President Barack Obama has named Christine Fox as acting Deputy Secretary of Defense, the No. 2 spot in the Pentagon, CBS reports.

The move would make Fox the most powerful woman in America's military, and the highest ranking woman in military history.

Fox, a mathematician and a specialist in Maritime Air Superiority (MAS), got her start in the early '80s advising the Navy how best to defend its aircraft carriers. She did so across the street from the Navy's premier flight school, Top Gun — which consequently led to her being the inspiration behind the iconic female lead, "Charlie."

"Charlie" was an astrophysicist who taught "Maverick" (and the others) how to kill MiG jets in aerial combat, while in reality Fox is an expert in aggressive missile and air defense.

James Cartwright Christine Fox"My actual job has much more to do with the guy in the back seat of the plane, the radar-intercept operator, than the guy in the front, the pilot," she told People magazine 27 years ago, when Top Gun was in production. "I don't know anything about flying airplanes, but I know a lot about the guy in the back seat—his mission, his radar and his missiles."

At the time, Fox was part of the think tank Center for Naval Analyses that sent her to the West Coast to advise the admiral who commanded air defense for the Pacific fleet.
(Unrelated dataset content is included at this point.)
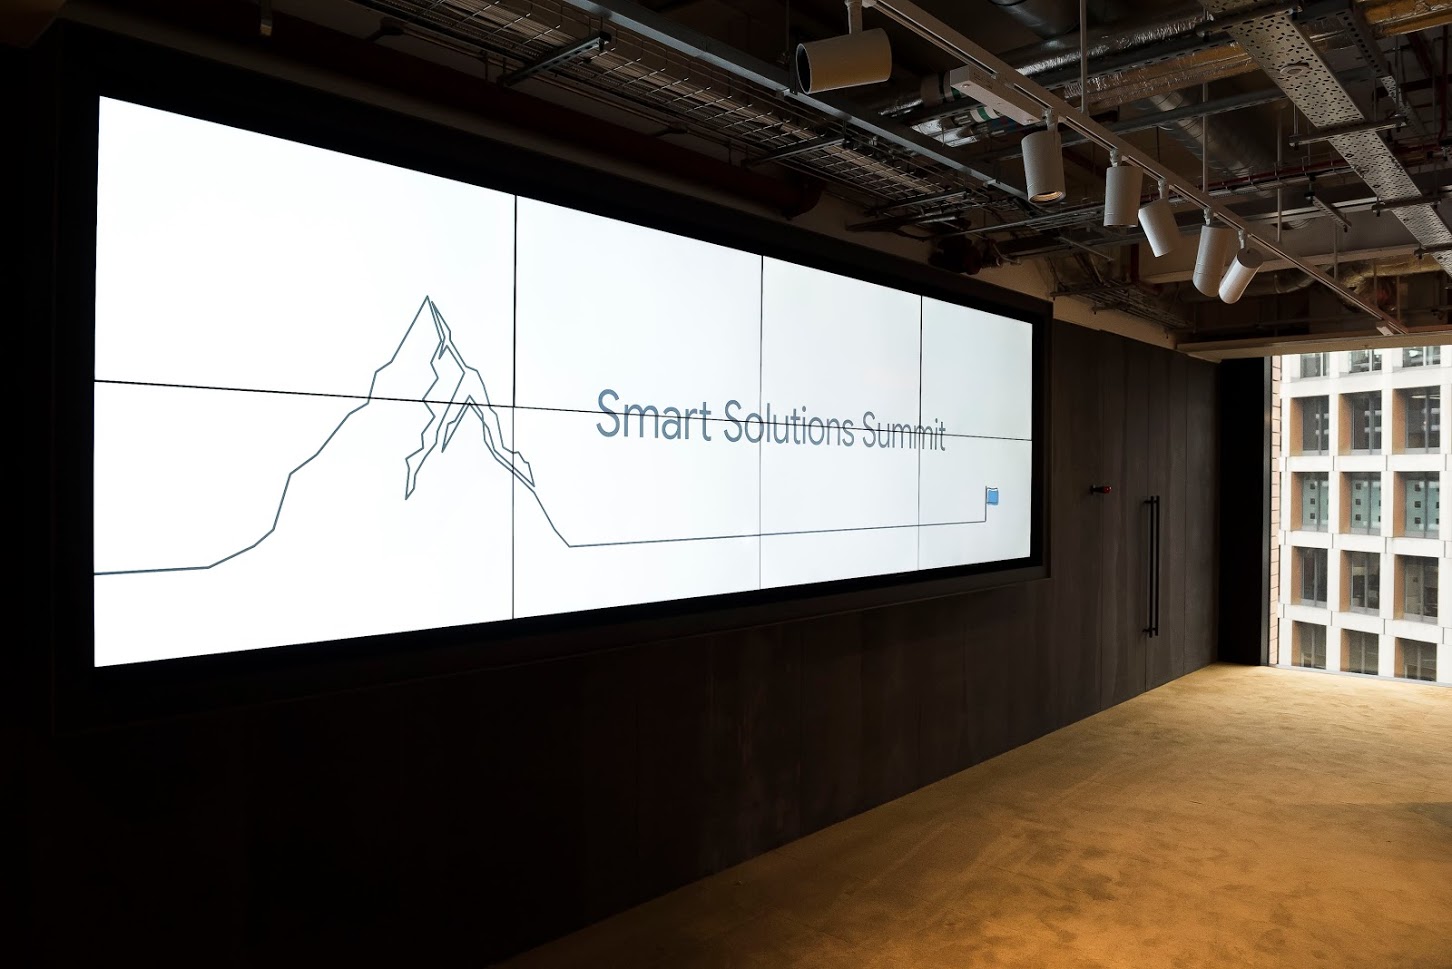 Key Takeaways from Google’s Smart Solutions Summit 2019
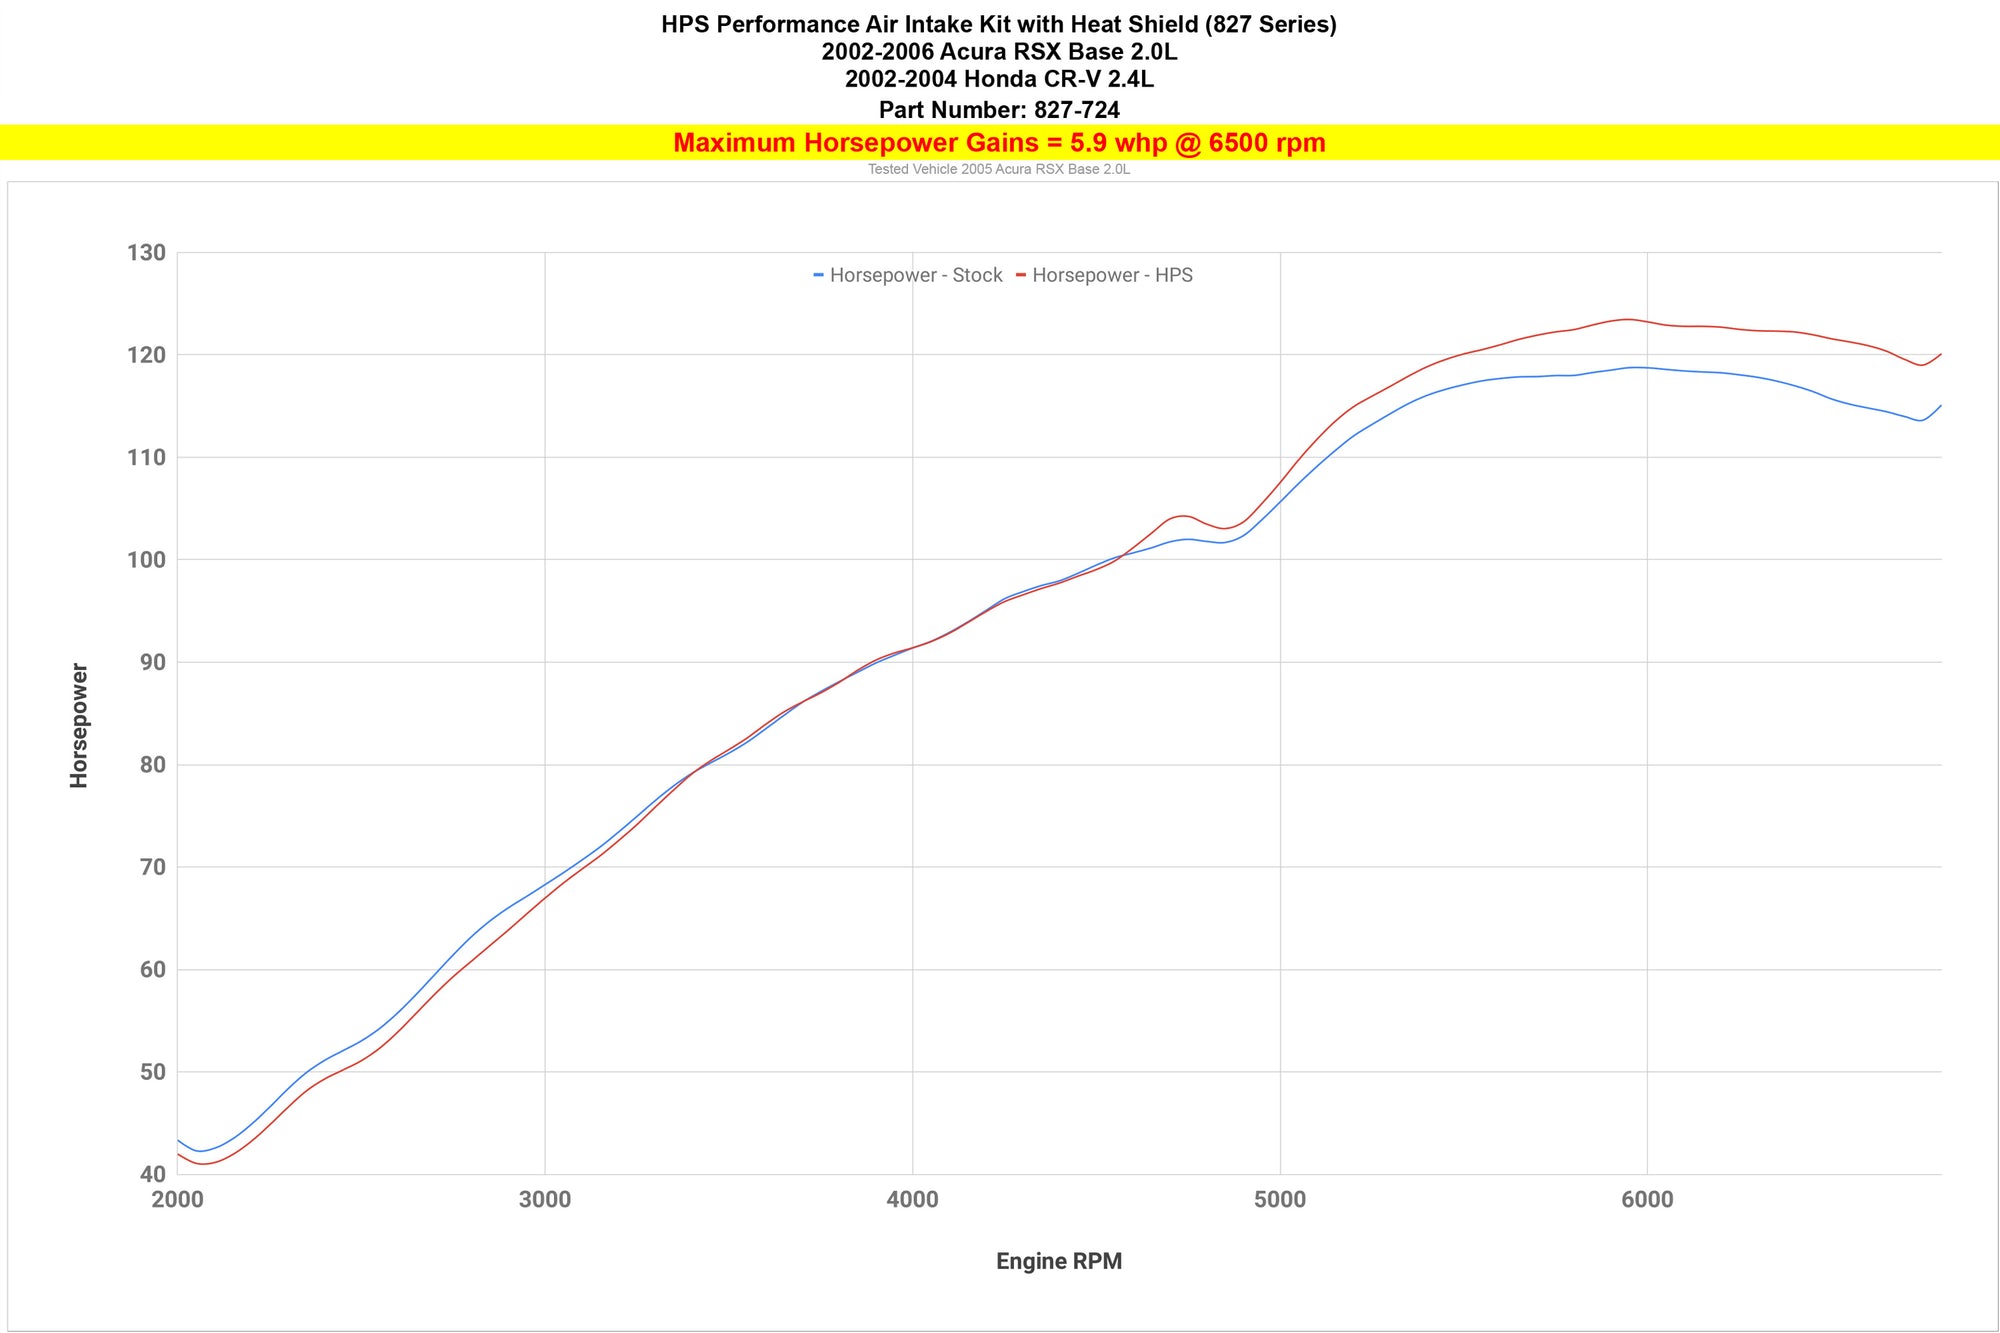 HPS Performance Air Intake Kit increase 5.9 horsepower performance gains Acura 2002-2006 RSX Base 2.0L 827-724

People noted that even then, Fox had "flown in B-52s and the E-2C early-warning aircraft, observed exercises from the aircraft carrier Kennedy and taken water-survival and ejection-seat training" in an effort to better understand her charge.

Obama says the move is temporary until he can find a permanent replacement for Ashton Carter, who announced in October his intent to retire as the Pentagon's civilian equivalent of a Chief Operating Officer.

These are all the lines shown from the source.